Do you have a specialist nurse who can help you out?
The nurses we work with are great at supporting families with SN to work on this.

Admittedly, it probably helps that the children I work with are in special schools where lots of staff to focus on this and often loo off the classroom.

gess · 03/07/2007 11:47

Oh dear the problems with mainstreaming. I KNOW that children can benefit but this sort of thing needs to be sorted. HOW will maintream schools deal with this sort of issue (which wouldn't be an issue at all in special school btw). It's not FAIR that because of inclusion suddenly the fact that a 5 year old with learning difficulties isn't toilet trained becomes a bloody issue. It shouldn't be. It will be harder for her because of her bowel problems as well. I know children with bowel problems with no learning difficulties who are struggling.

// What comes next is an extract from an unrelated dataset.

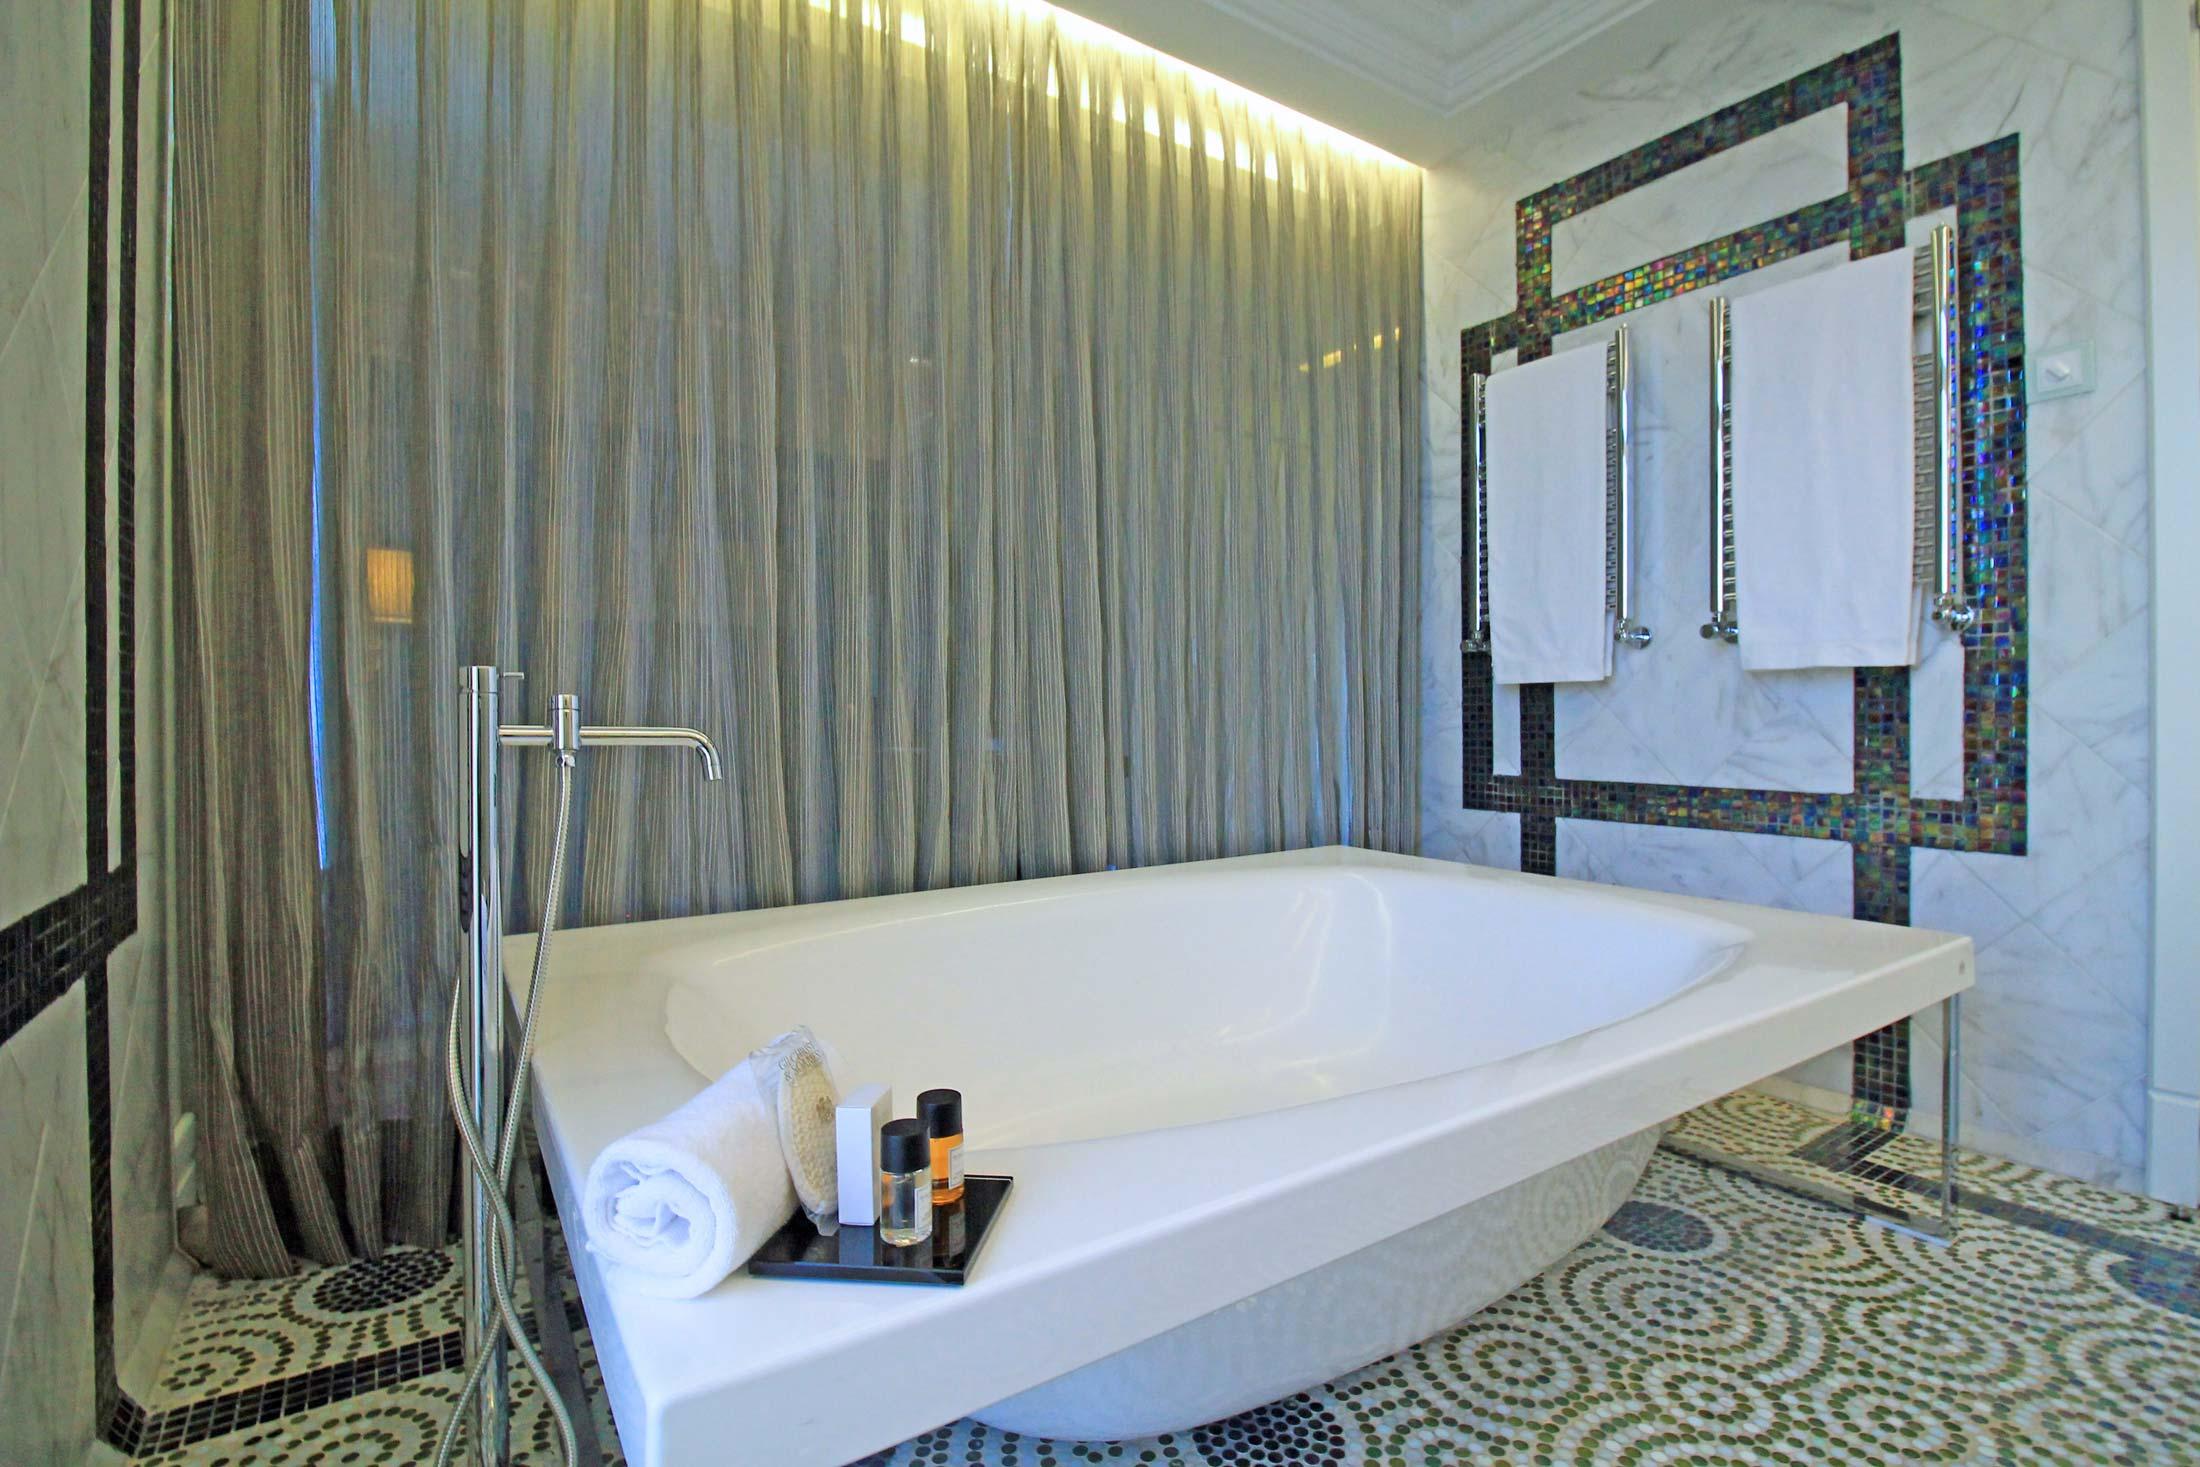 Unico Hotel Madrid - Focal Journey (by Gustavo Espinola)

You are doing all the right things. With ds1 we sat him on the toilet and just kept him there, sometimes it caught a wee/poo and suddenly overnight he got it. I was in ds1's school talking to the teacher about toilet training and she said in her experience with children with learning difficulties it will just suddenly click.

this might be of use to you Also there's a book about toilet training children with autism, but it is useful for LD's as well.

ThomCat · 03/07/2007 11:53

Thanks so much. It's moments like this that I really don't know what I'd do without MN. I feel so deadfully low and teary and alone and then there is MN and I feel better and realise I'm not alone at all.

Gess - as I sobbed driving away from school I was having imaginery conversations with the teacher where I told her I'd just remove Lottie from the school. It's there int he back of my mind ready to be pulled out when I feel it's not working. I'll wait and see how she / we / they cope with the huge jump from reception into year 1 and then discuss it with DP etc.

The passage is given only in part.